这个C程序背后的逻辑是什么？

Question

Here is a small piece of program (14 lines of program) which counts the number of bits set in a number .

Input-Output --> 0-->0(0000000), 5-->2(0000101), 7-->3(0000111)

int CountBits (unsigned int x)
{
  static unsigned int mask[] = { 0x55555555,
      0x33333333,
      0x0F0F0F0F,
      0x00FF00FF,
      0x0000FFFF
      } ;

      int i ;
      int shift ; /* Number of positions to shift to right*/
      for (i =0, shift =1; i < 5; i ++, shift *= 2)
              x = (x & mask[i ])+ ( ( x >> shift) & mask[i]);
      return x;
}

Can someone explain the algorithm used here/why this works?

Answer 1

This post , by Ian Ashdown, explains it in more detail:

Freed's numbers are members of a sequence, where the Nth number of the sequence is itself an infinite sequence from right to left of 2* N 1's followed by 2 *N 0's, followed 2**N 1's, and so on. The initial numbers are:

...0101010101010101
...0011001100110011
...0000111100001111
...0000000011111111
...

For a word size of 16 bits then, we have four "B-constants":

B[1] = 0101010101010101
B[2] = 0011001100110011
B[3] = 0000111100001111
B[4] = 0000000011111111

So that's what those numbers in mask[] are, eg. 0x55555555 is the hexadecimal representation of the bit pattern 1010101010101010101010101010101 .
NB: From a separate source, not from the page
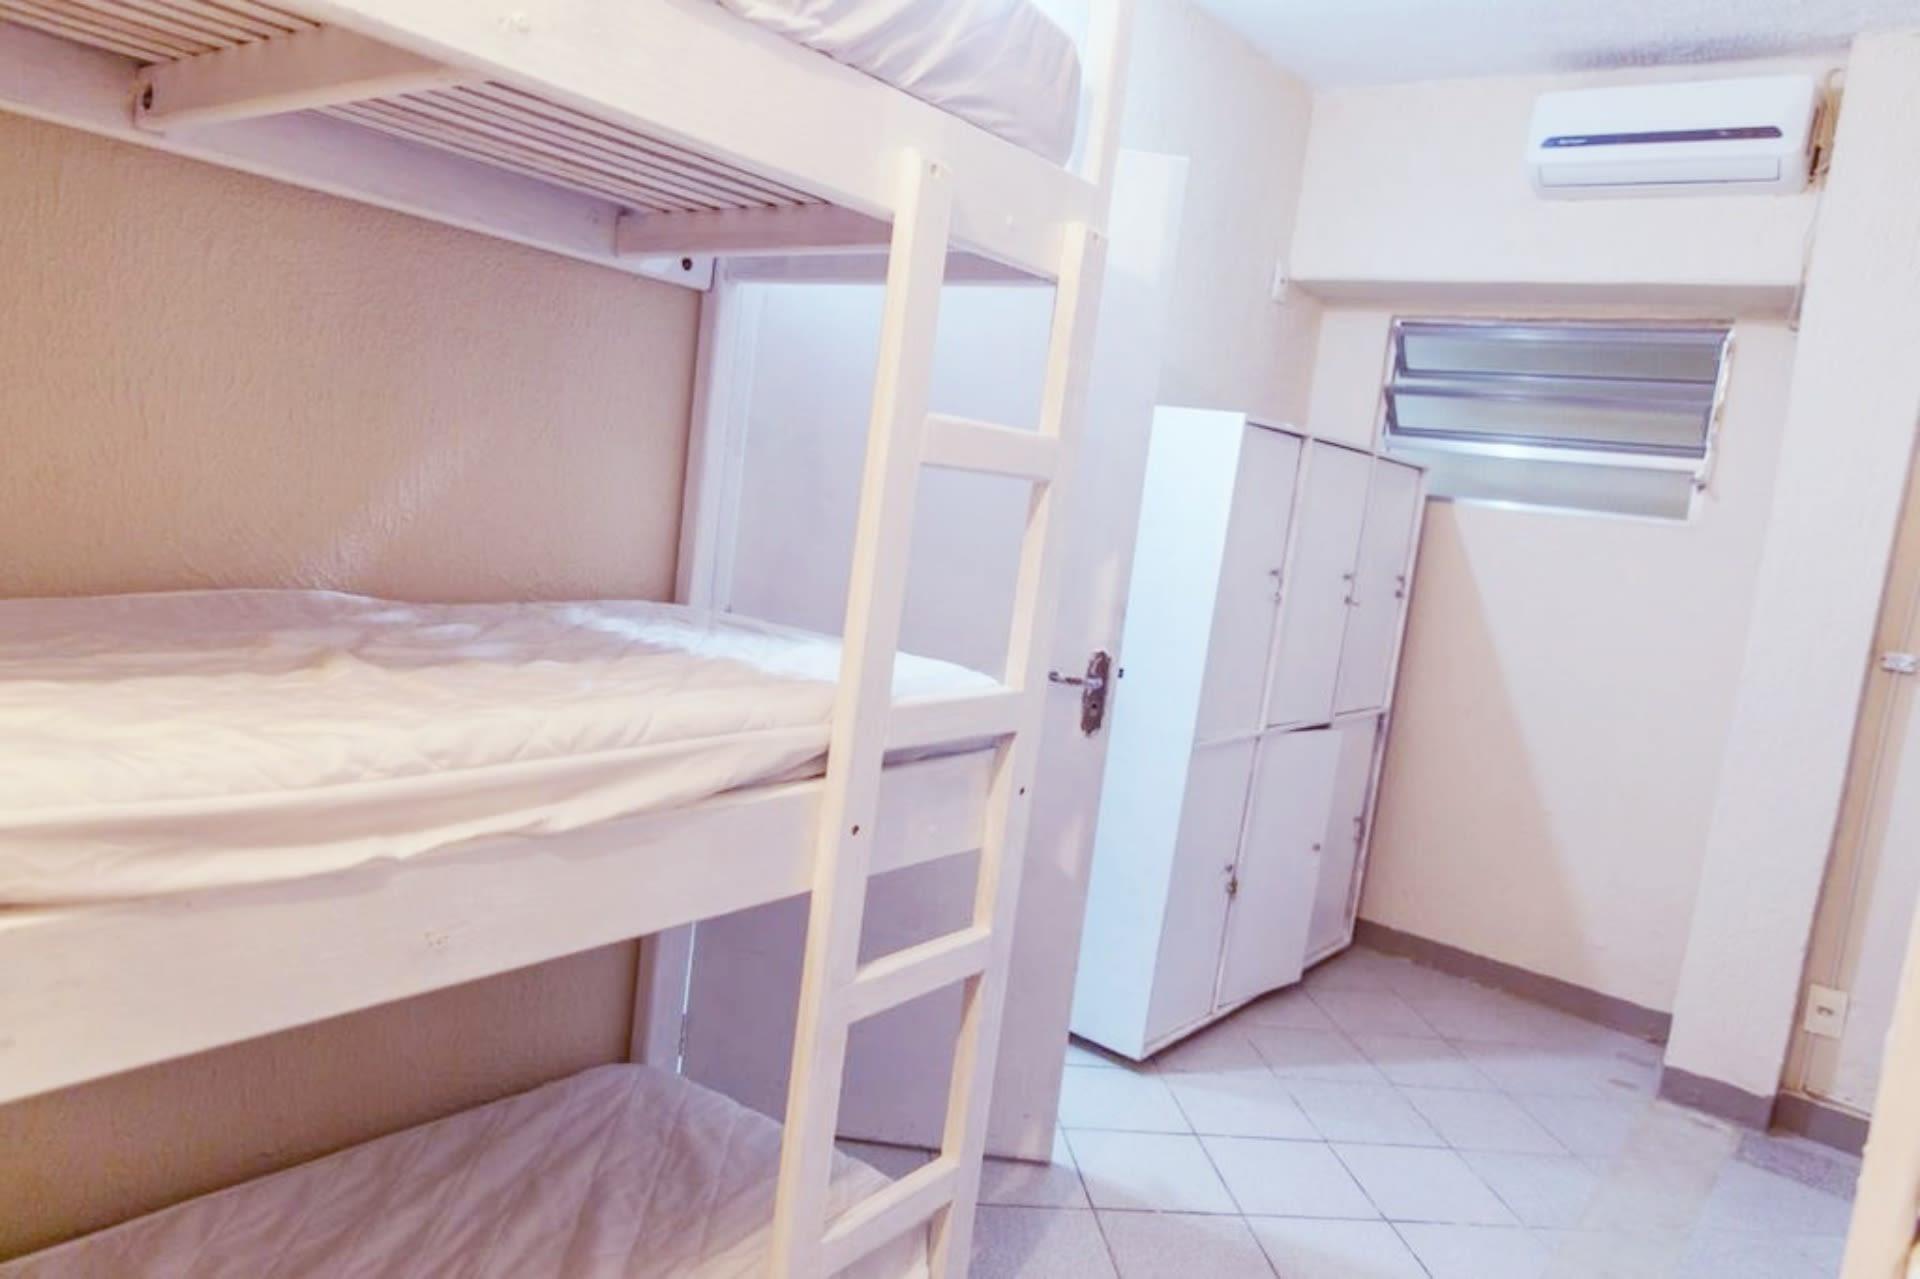 HOSTEL - Solar Hostel 4U Copacabana
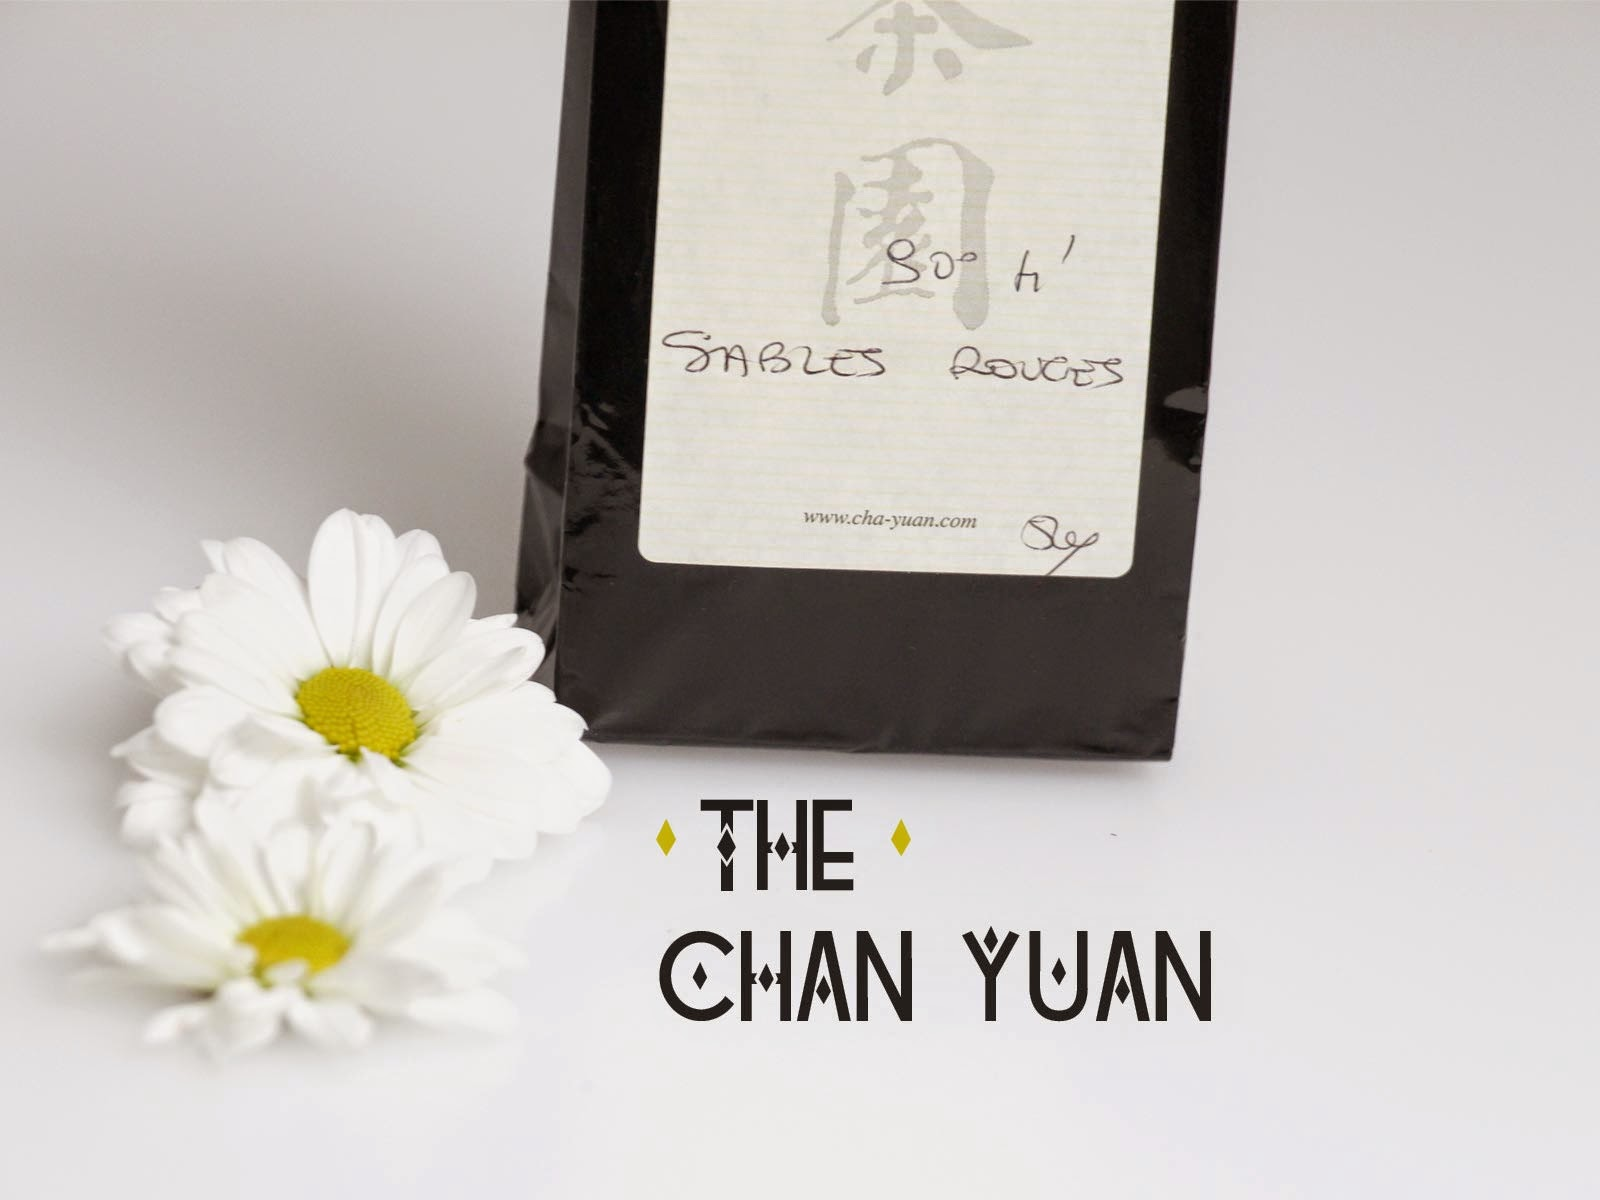 chanyuan

The algorithm itself does this:

1. Interpret adjacent bits as numbers (0 or 1) and add them. The results are numbers that can be represented with two bits (ie. 0 to 3).
2. Interpret adjacent pairs of bits as numbers (0 to 3) and add them. The results can be represented with four bits (ie. 0 to 15).
3. Interpret adjacent groups-of-4 bits as numbers (0 to 15) and add them. The results can be represented with eight bits (ie. 0 to 255).

...and so on, until you have a result that is as wide as however many bits you need.

I suggest that you try it on paper, by hand, with a few numbers using the binary masks above. Then you might get a feel for the algorithm being expressed by that code.